Recently, for instance, we looked into using AR with specially developed software which enables onshore technical experts to communicate with those offshore via live, interactive devices much like iPads. The devices’ screens are layered with information and data, to help virtually solve real time errors or issues with equipment. Onshore experts can communicate via the screens to engineers on the platform – they can also place markers directly on the screens accurately highlighting where problems are occurring to quickly solve technical issues in real time.

As with every innovation we progress, operational and cost efficiencies are front of mind. With this particular application of AR the benefits could be significant. For instance, one technical expert is able to virtually monitor and support several offshore locations at once – saving huge amounts of manpower, time and money. The experts are then also exposed to a great variety of problems across different platforms giving them broader experience and a better skill set which means, in turn, they are equipped to solve diverse problems more quickly and more efficiently.
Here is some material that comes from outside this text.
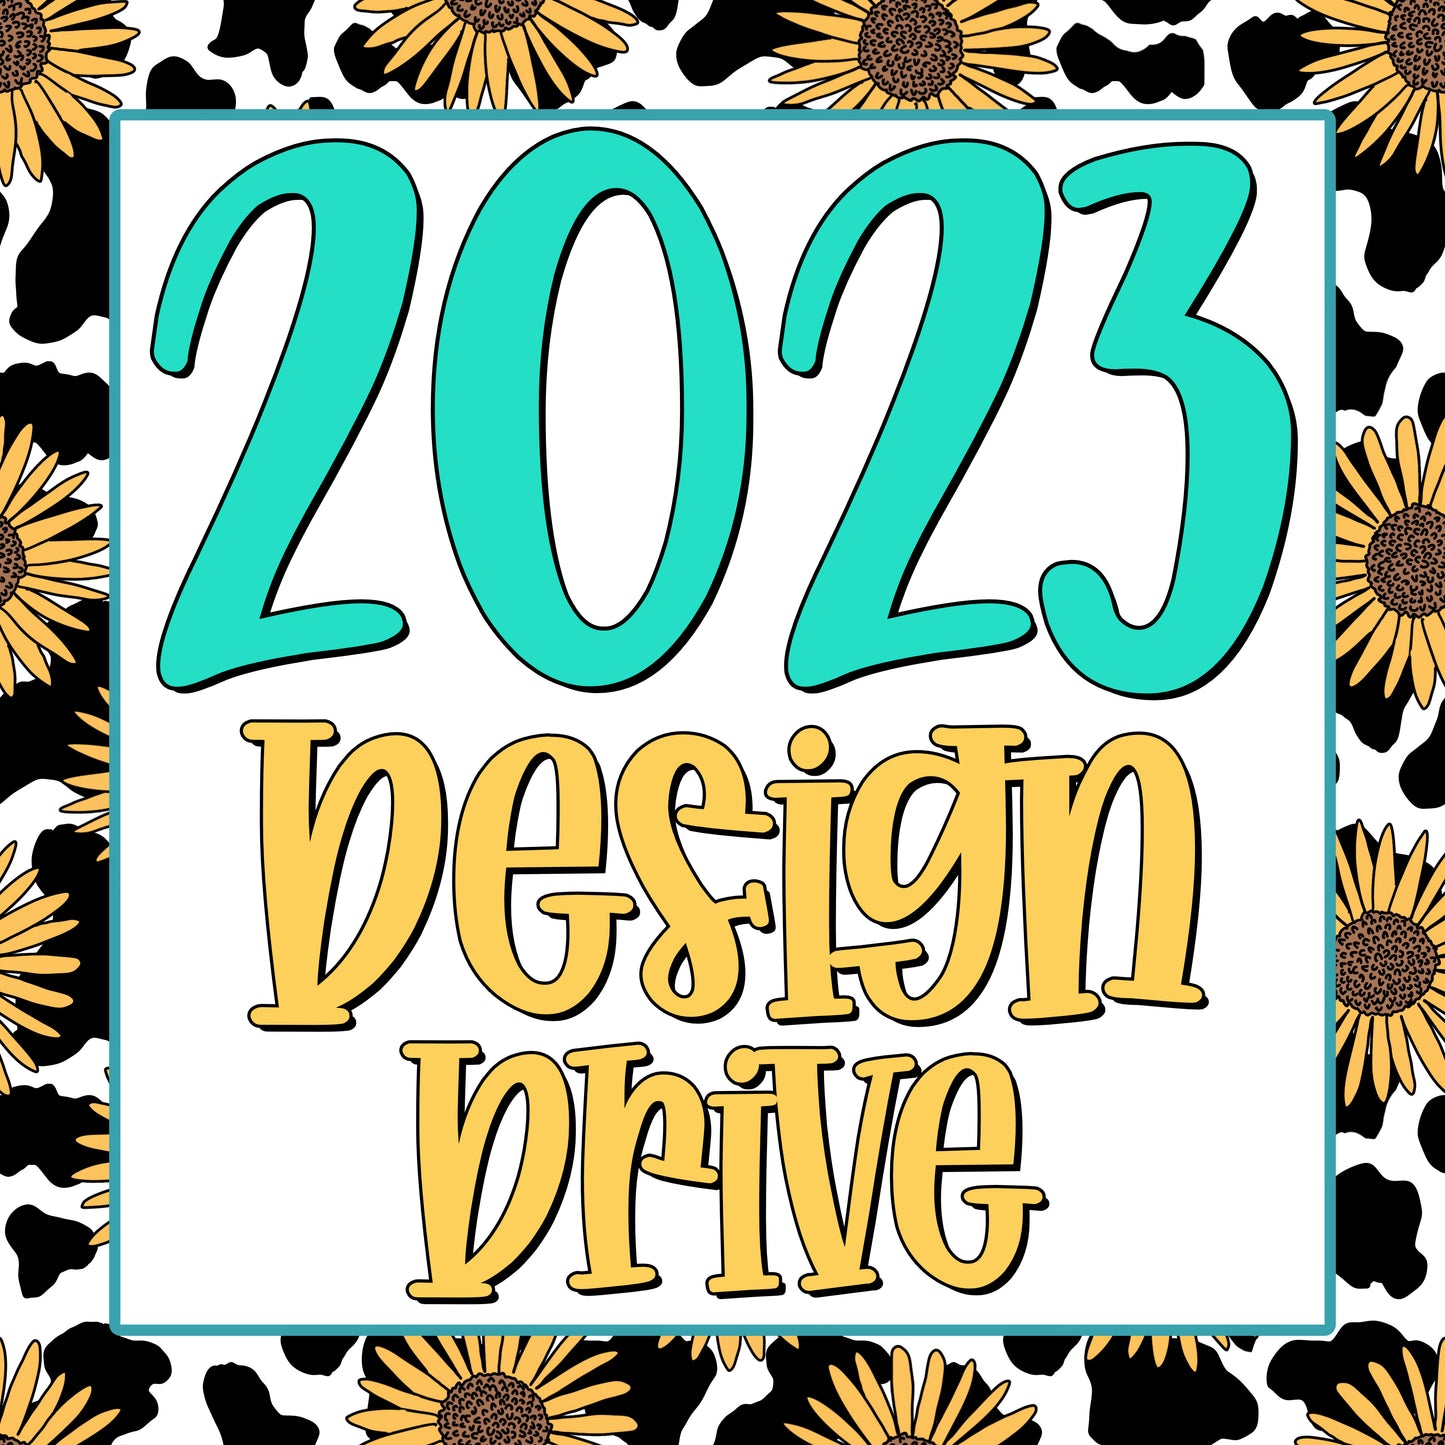 2023 Design Drive

However, this is only the tip of the iceberg. AR has so much potential – both for on- and offshore operations – to help us work better, faster, with greater accuracy and to make proper use of the huge amounts of data we can collect. I think this is the next big area AR can help us. We are working with an abundance of potential sources of data which, if used properly, could be a really important resource. Crucially, by making this data more accessible and shareable, we’ll be able to use it for risk and opportunity analysis.
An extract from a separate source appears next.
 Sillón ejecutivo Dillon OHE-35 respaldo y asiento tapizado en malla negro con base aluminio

While we have to consider the barriers to bringing these kinds of technologies offshore – the physical devices we use for instance, have to be explosion proof – going forward we expect AR to have a huge impact on our operations. I can easily see a time where all offshore workers have AR software installed in their goggles and helmets to help them navigate the platform more safely. From showing potential hazards or the shortest escape routes on the platform, to displaying messages about the status of the equipment, providing data on the pressure and temperature of pipes and wells or even digitally identifying engineers new to the rig. The possibilities are endless.

And it doesn’t stop there… AR is one step away from virtual reality (VR). While we’re further away from being able to use this kind of technology in our industry, I can also see it improving operational efficiency, for example, by helping us to virtually explore oil fields. Although we’re currently able to fairly accurately explore oil beds using 3D computer models, just imagine how VR will eventually take this one step further. We’ll be able to actually enter into a virtual oil bed and examine it closely to really see where progress can be made and, most importantly, where it’s worth investing.

Augmented reality is a truly game changing technology for our industry that is constantly evolving. It is going to unlock the potential of both our physical working environments and the people who work in them. And the technology is continuously evolving. It’s an area we keep track of as part of our drive towards increased automation and digitisation as a means to strengthen our efficiency and safety. I’m particularly excited by the plans we have for Cluzean – Maersk Oil’s flagship ‘21st century’ platform which will be fully digitised and designed to work with innovative technologies like this. As an industry we have to look forward and to a time when our traditional methods are no longer viable. I firmly believe that technology – just like augmented reality – is the key to this and I can’t wait to see where it will lead us in future.